What you will do -> There are pictures in the records below; leave them out and set down exactly the lines from the one holding "Intensive vivid sunset" through the one holding "POLONIA DRESS - SERENATA".

Data records ->

*** Begin section ***

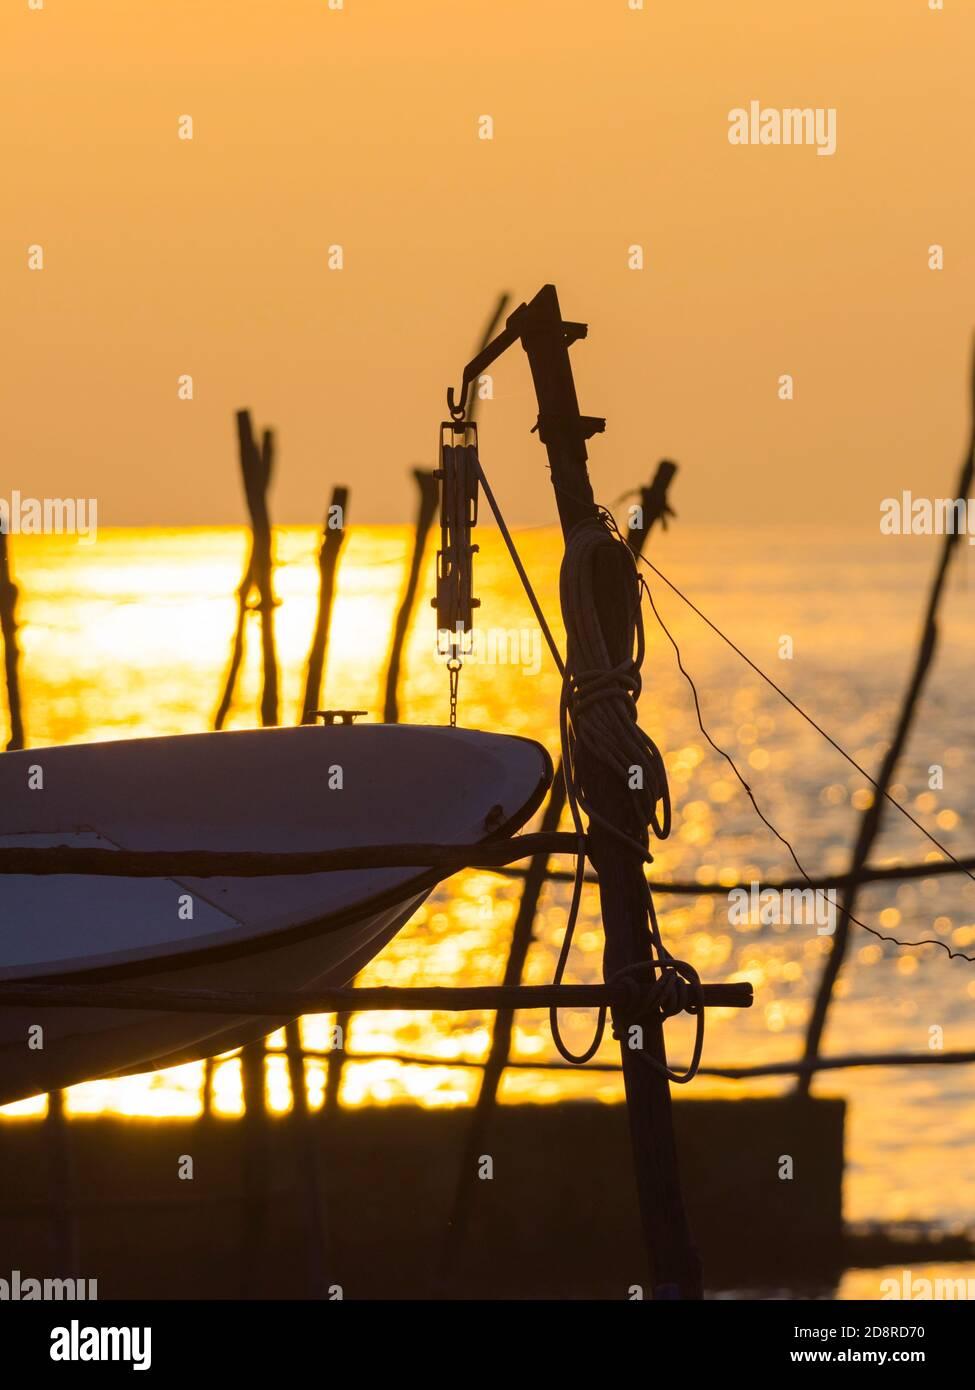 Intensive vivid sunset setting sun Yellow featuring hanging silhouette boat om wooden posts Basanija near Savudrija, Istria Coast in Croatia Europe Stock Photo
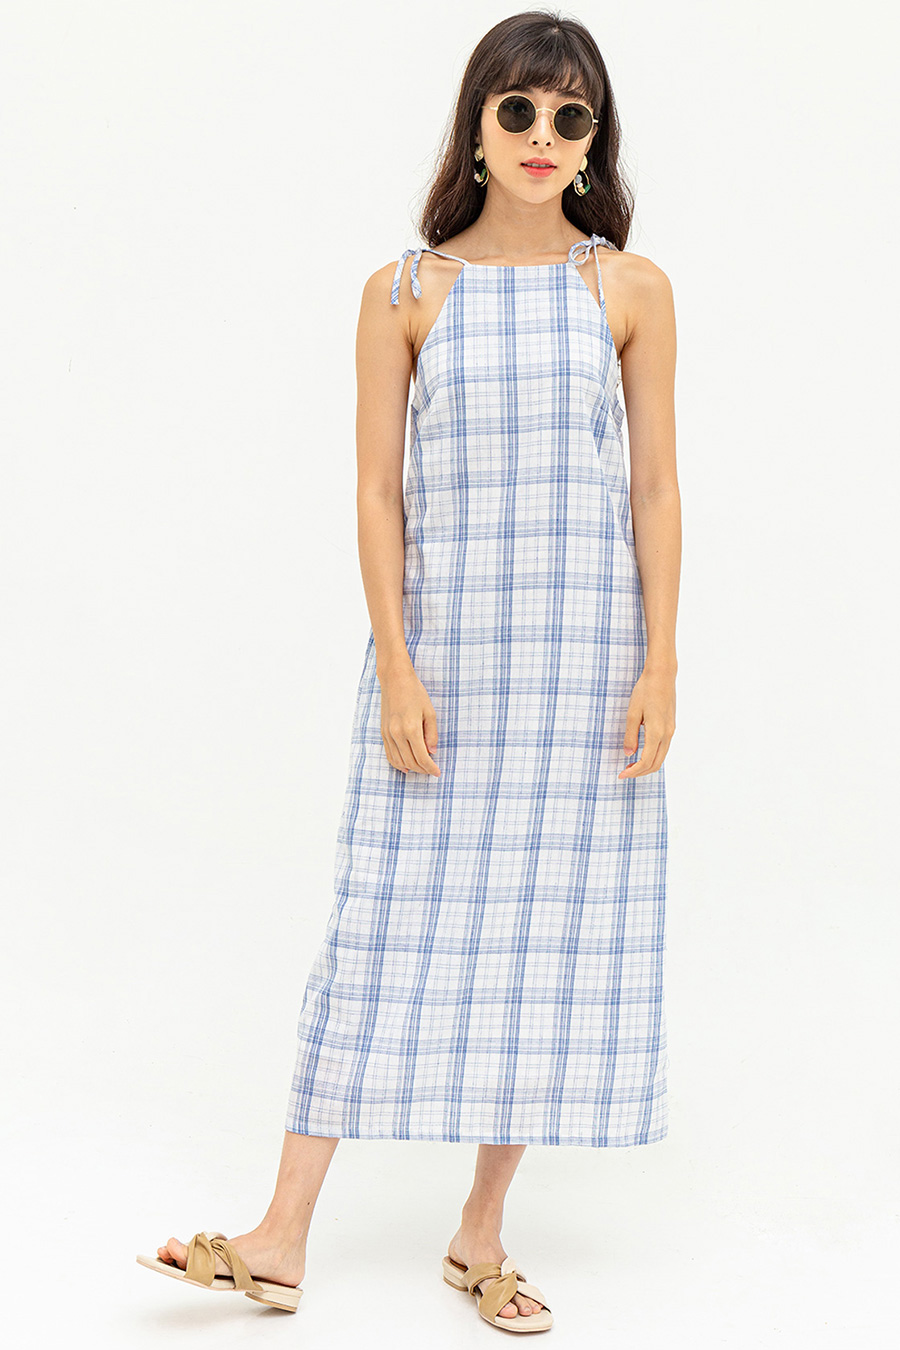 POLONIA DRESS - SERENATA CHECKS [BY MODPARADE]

*** End section ***
*** Begin section ***

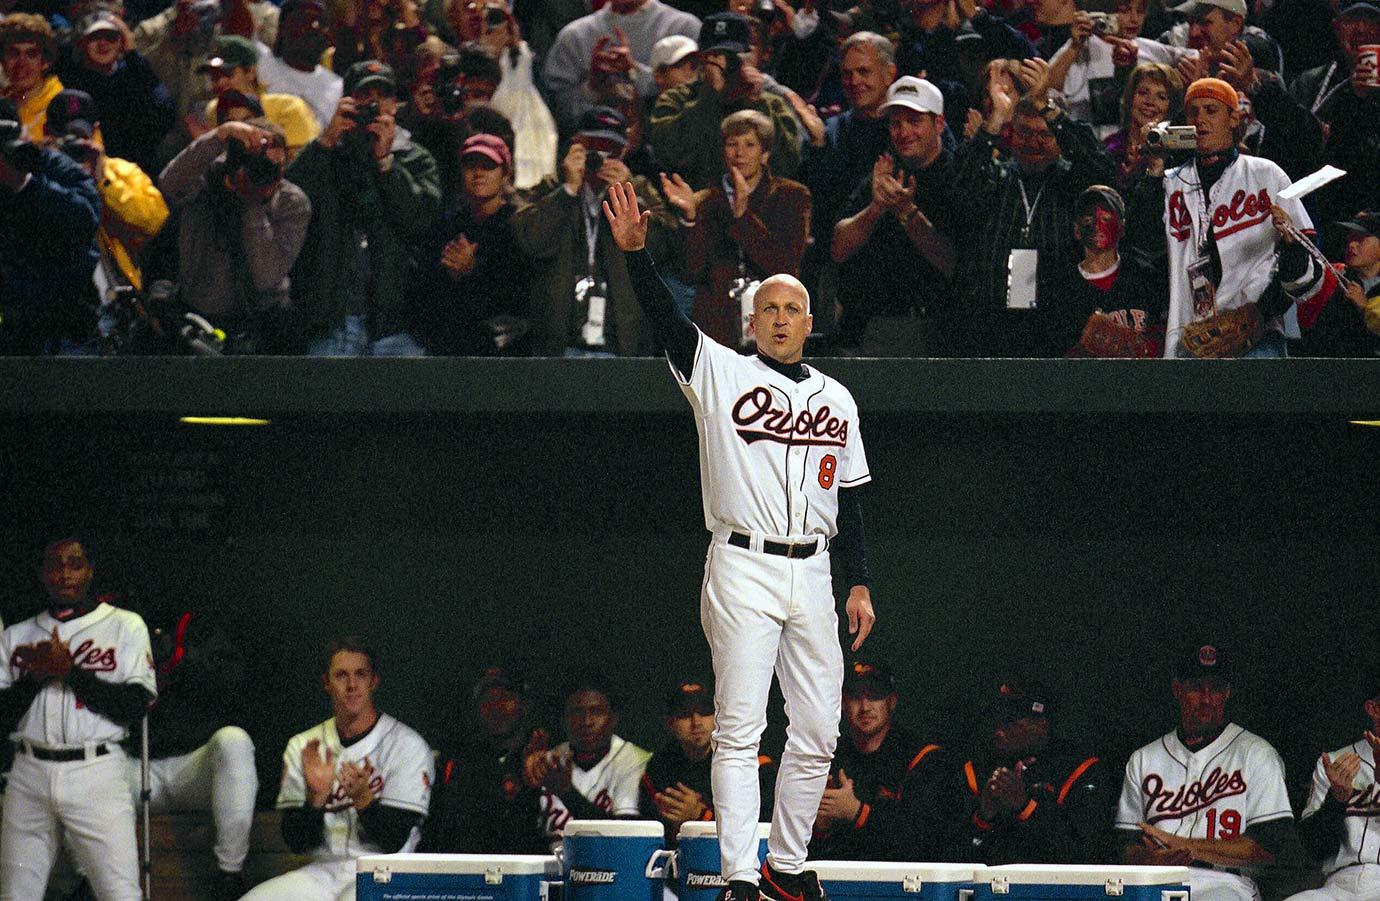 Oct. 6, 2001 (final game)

*** End section ***

Reply to the exercise ->
 Intensive vivid sunset setting sun Yellow featuring hanging silhouette boat om wooden posts Basanija near Savudrija, Istria Coast in Croatia Europe Stock Photo
 POLONIA DRESS - SERENATA CHECKS [BY MODPARADE]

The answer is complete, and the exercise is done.